For long-lived connections where verdicts arrive over time. Safe calls start immediately. Gated calls emit ApprovalRequested, then each one waits until its specific verdict lands on the queue.

import { fromVerdictQueue } from "@effect-uai/core/Resolvers"

streamUntilComplete<State, ToolEvent>((turn) =>
  Effect.sync(() => {
    const calls = Turn.functionCalls(turn)
    // No requested tools means there is nothing to approve or execute.
    if (calls.length === 0) return stop

    // `Stream.unwrap` supplies the Scope that fromVerdictQueue's router
    // fiber lives in. Router stays alive as long as the consumer pulls
    // events.
    const events = Stream.unwrap(
      Effect.gen(function* () {
        const { approved, decisions, announce } = yield* fromVerdictQueue(
          isSensitive,
          verdicts,
        )(calls)
        return Stream.merge(
          announce,
          Stream.merge(
            // Safe calls start immediately; gated calls resume as verdicts arrive.
            Toolkit.executeAll(allTools, approved),
            decisions.pipe(
              Stream.flatMap((decision) =>
                decision._tag === "Approved"
                  ? Toolkit.executeAll(allTools, [decision.call])
                  : Stream.succeed(Toolkit.outputEvent(decision.result)),
              ),
            ),
          ),
        )
      }),
    )

    return Toolkit.nextStateFrom(events, (results) =>
      Turn.appendTurn(state, turn, results.map(toFunctionCallOutput)),
    )
  }),
)

The consumer side typically taps ApprovalRequested events, posts verdicts onto the same queue, and renders Output results as they arrive.
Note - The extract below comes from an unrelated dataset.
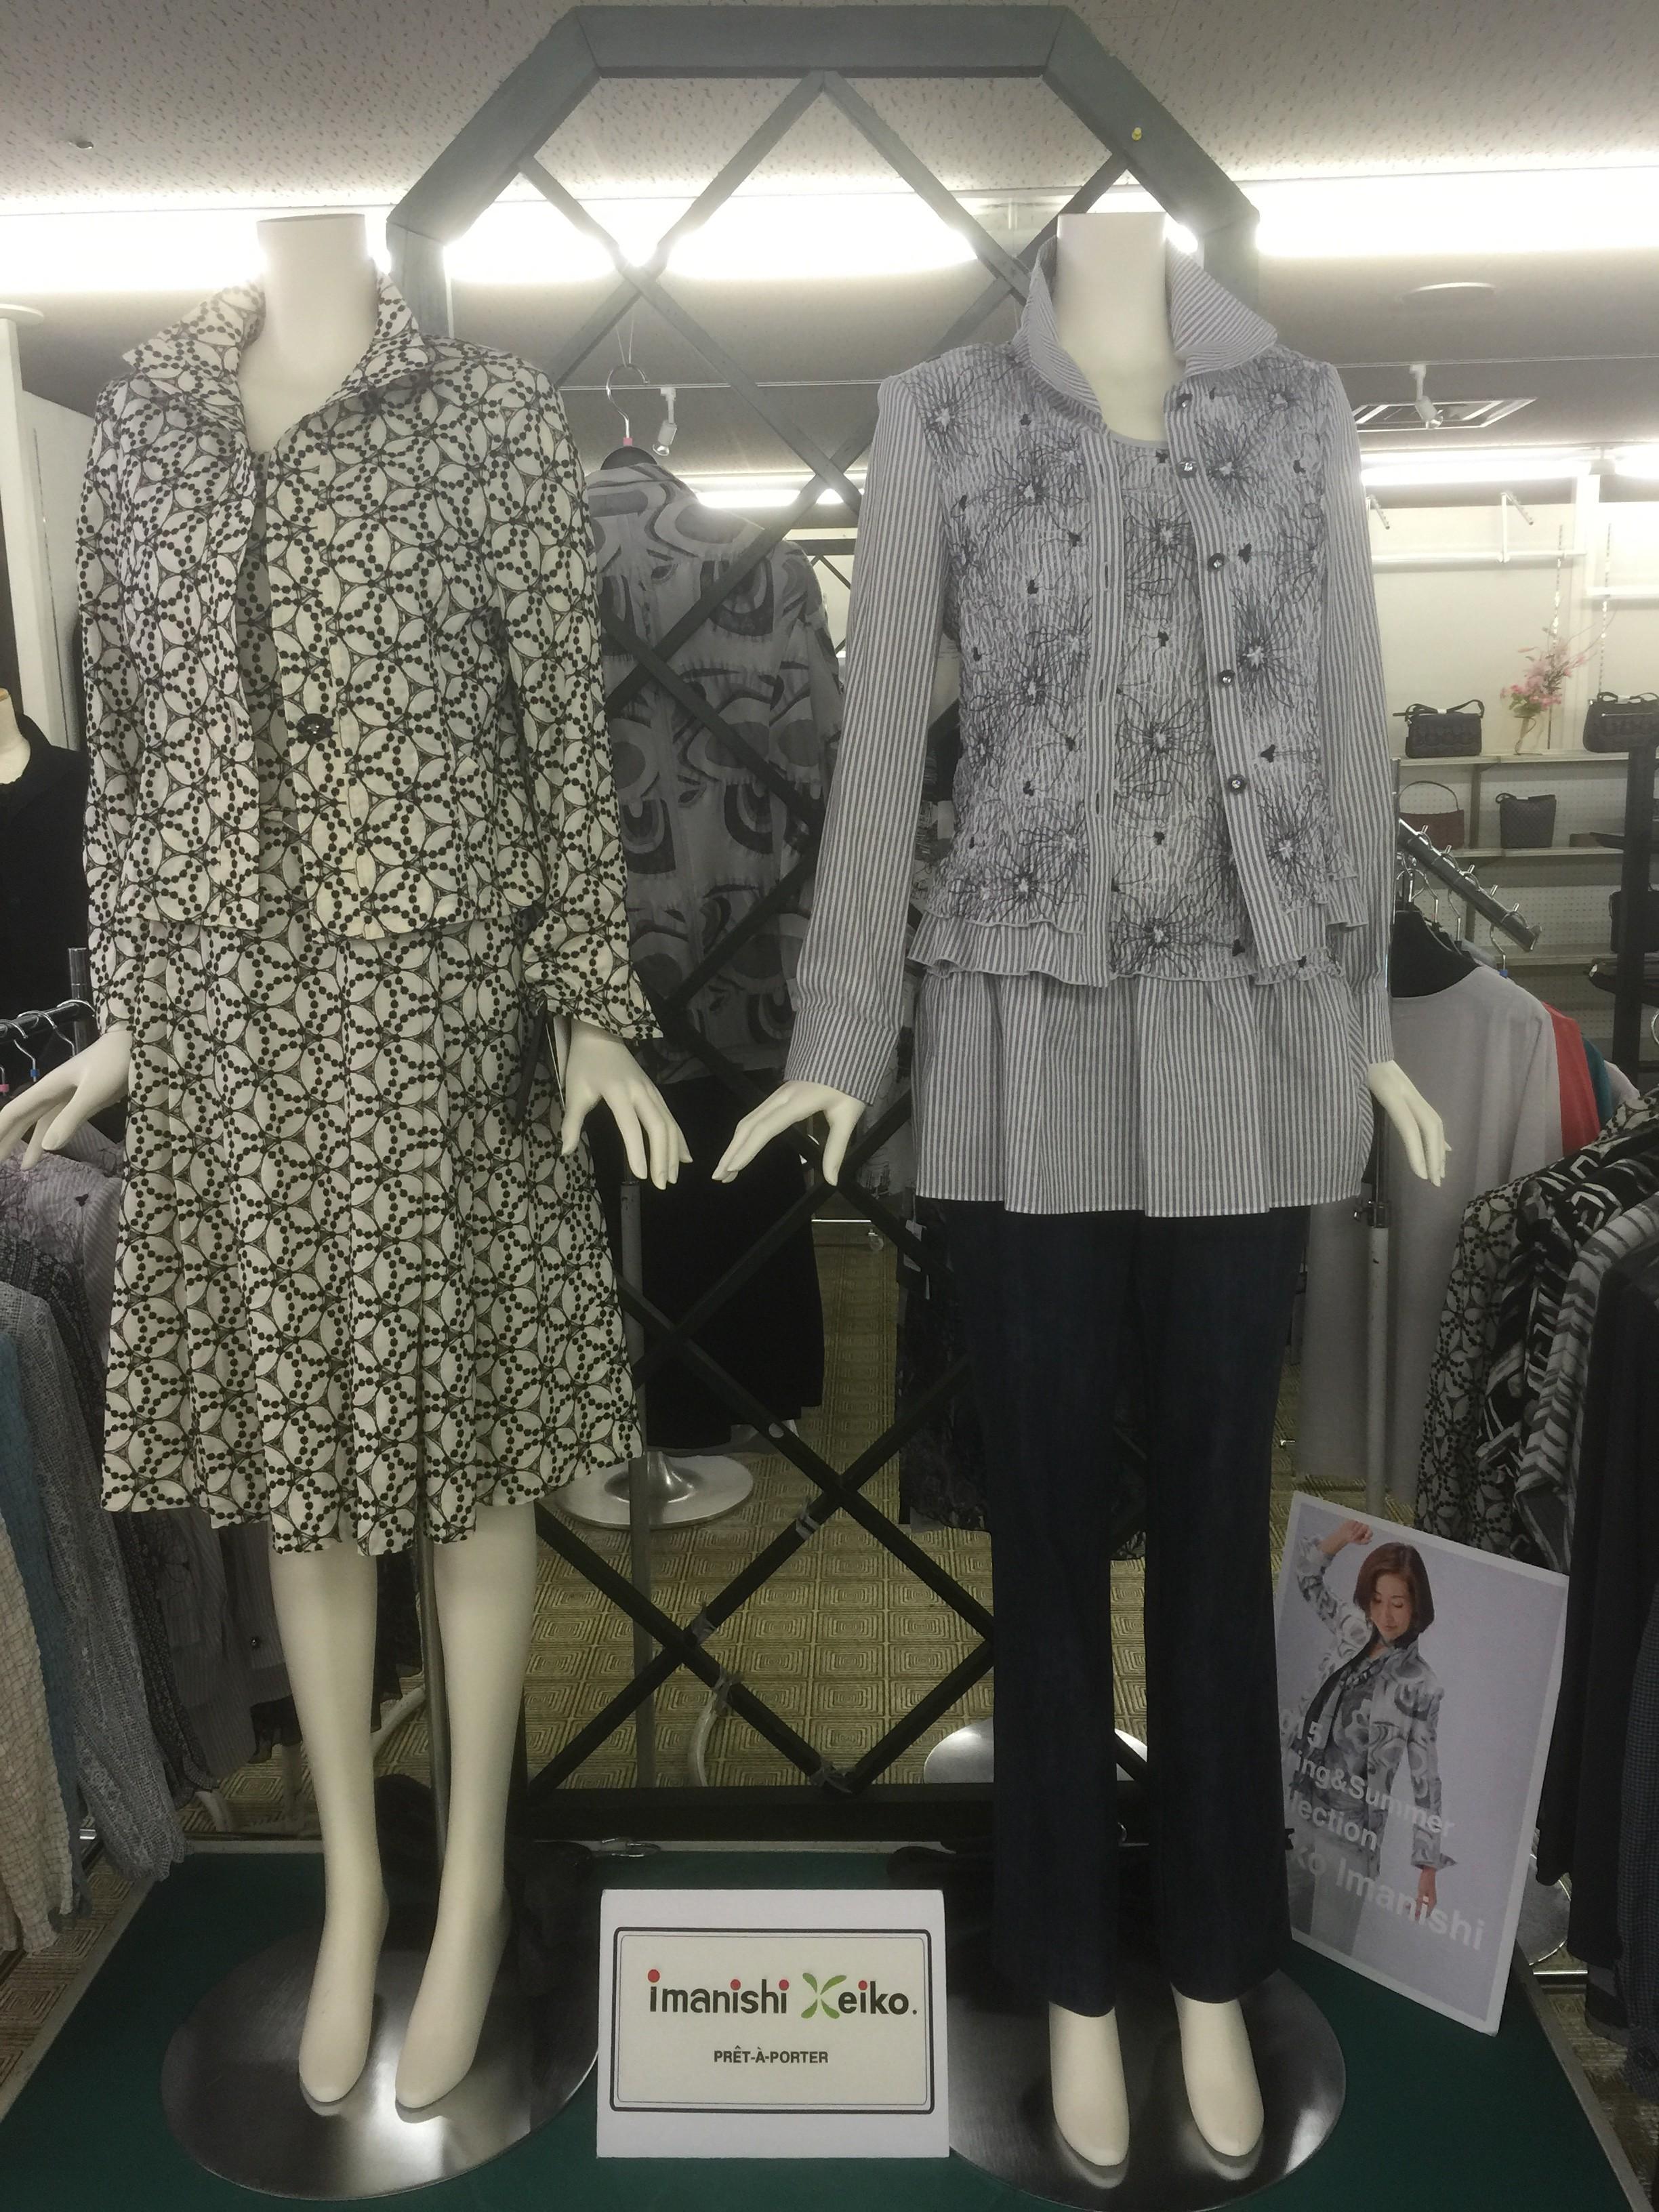 2015 春物衣料品販売会(グランドコレクション)開催中:画像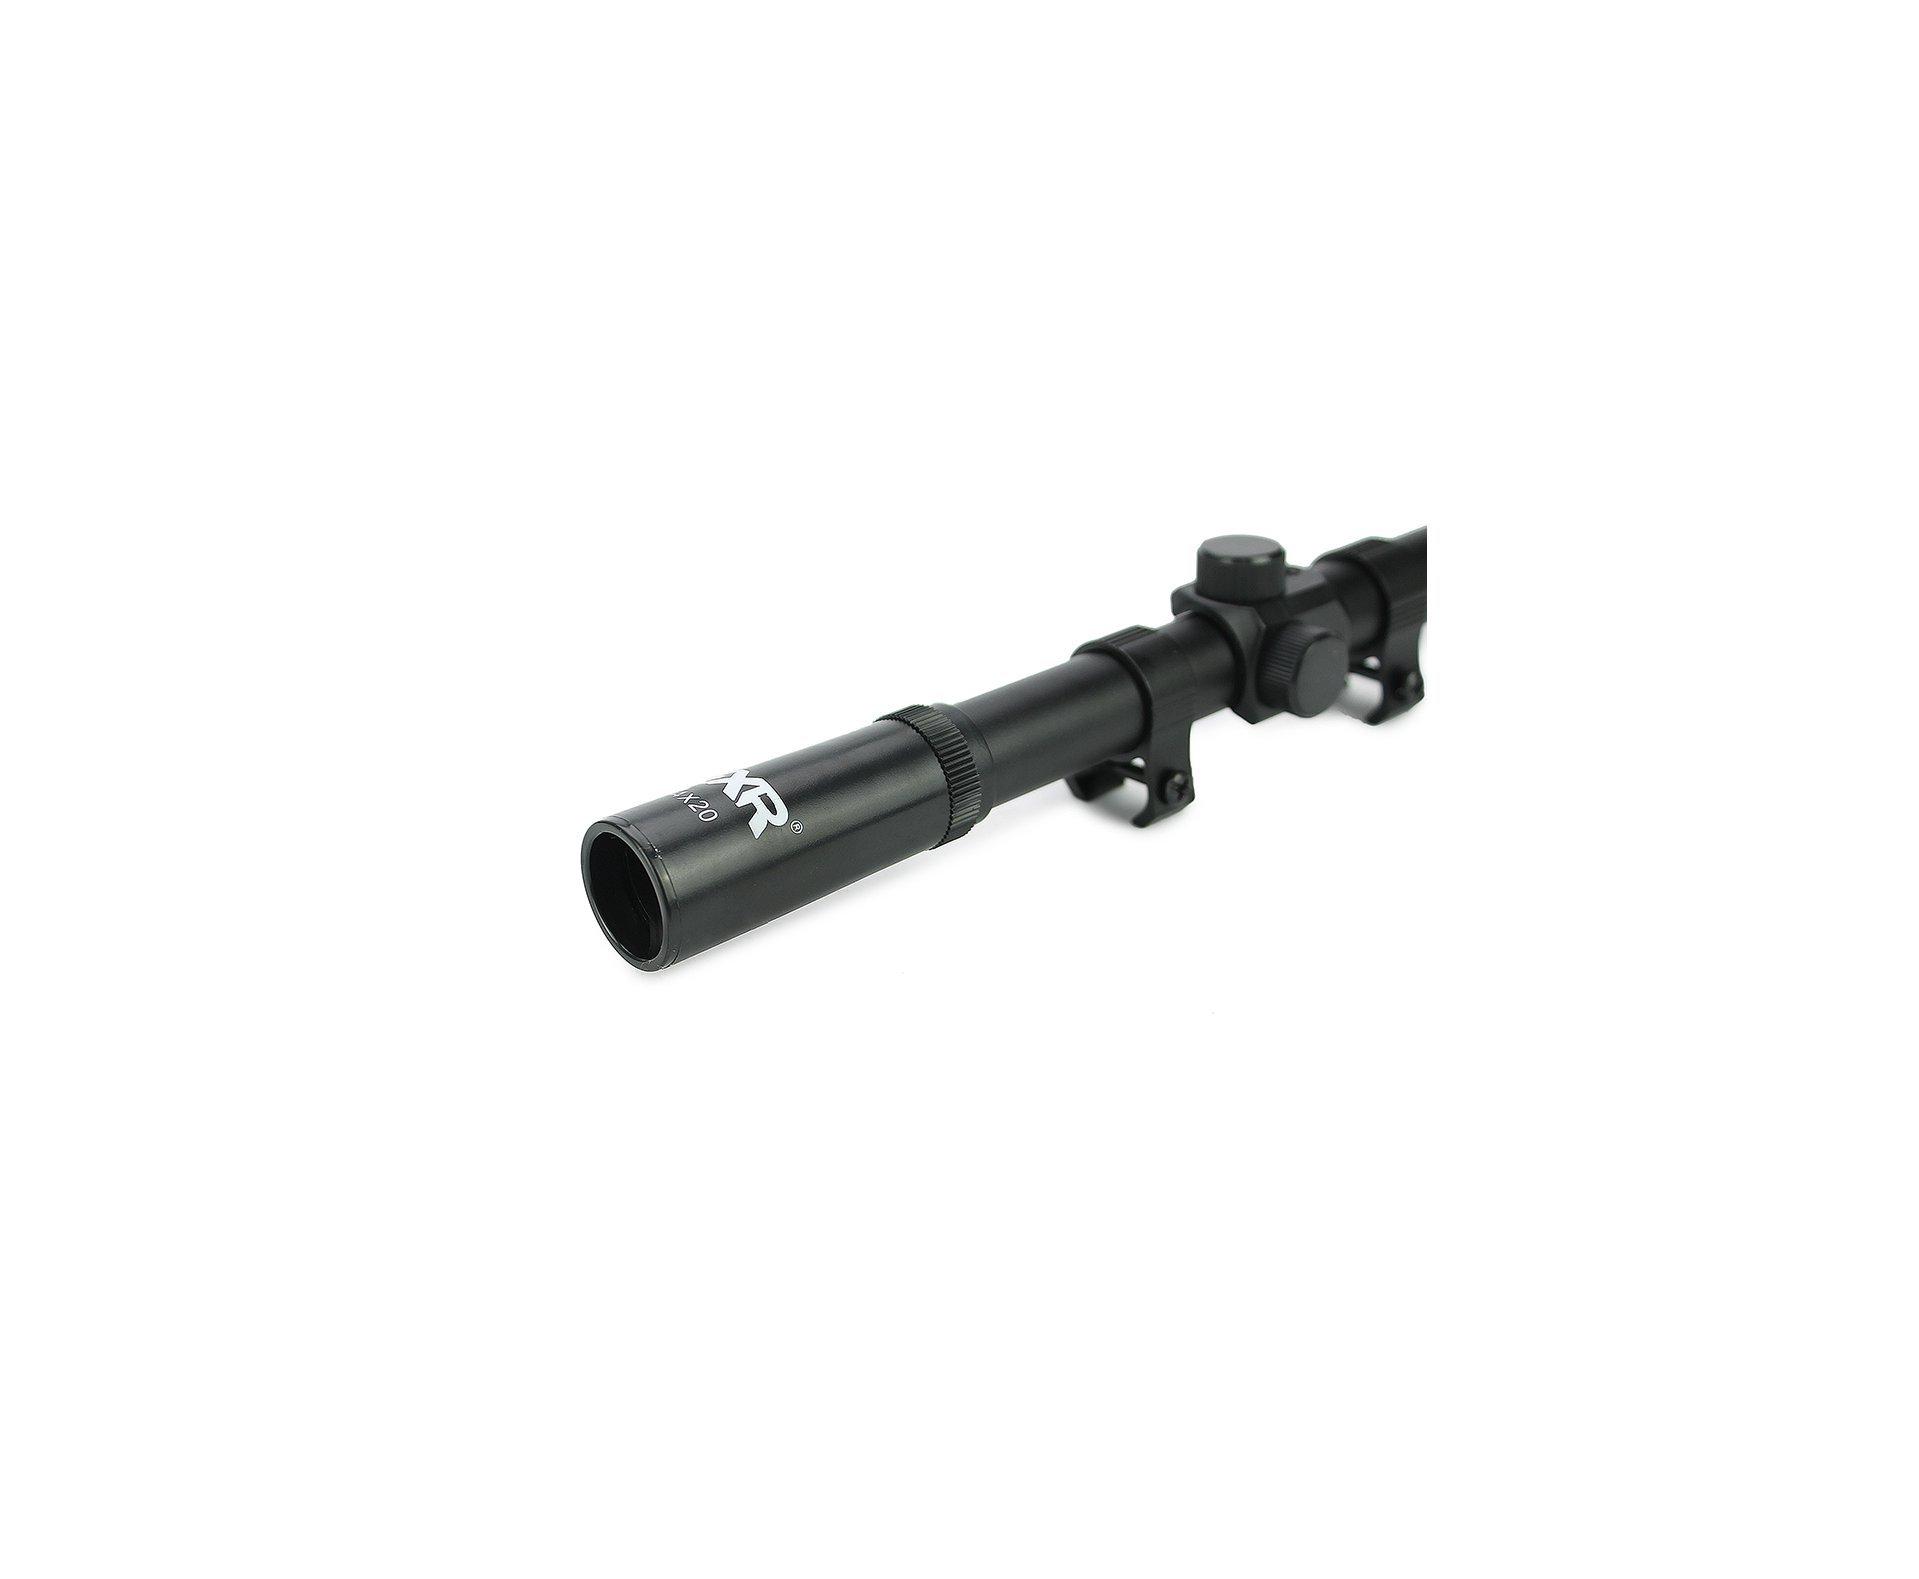 Luneta 4x20 Com Suporte Mount Para Trilhos 11mm - Fxr

What you get in `state.history`

Whatever the path — Value, denied, cancelled — every gated call ends up with a FunctionCallOutput carrying a structured payload:

Verdict / outcome	`output` JSON
Approved + executed	The tool’s own structured return value.
Denied	`{ "kind": "denied", "reason": "..." }`
Cancelled (HTTP)	`{ "kind": "cancelled" }`
Tool execution error	`{ "kind": "execution_error", "reason": "..."}`

History stays well-formed; the model reads the synthesized outputs on the next turn and self-corrects if needed.

Run it

OPENAI_API_KEY=sk-... pnpm tsx recipes/tool-call-approval/run.ts

The runner drives the queue variant since it’s the more visual demo (simulated user posting verdicts after a delay). The HTTP variant is better exercised by tests or in a real HTTP handler.

The full source lives next to this README at index.ts.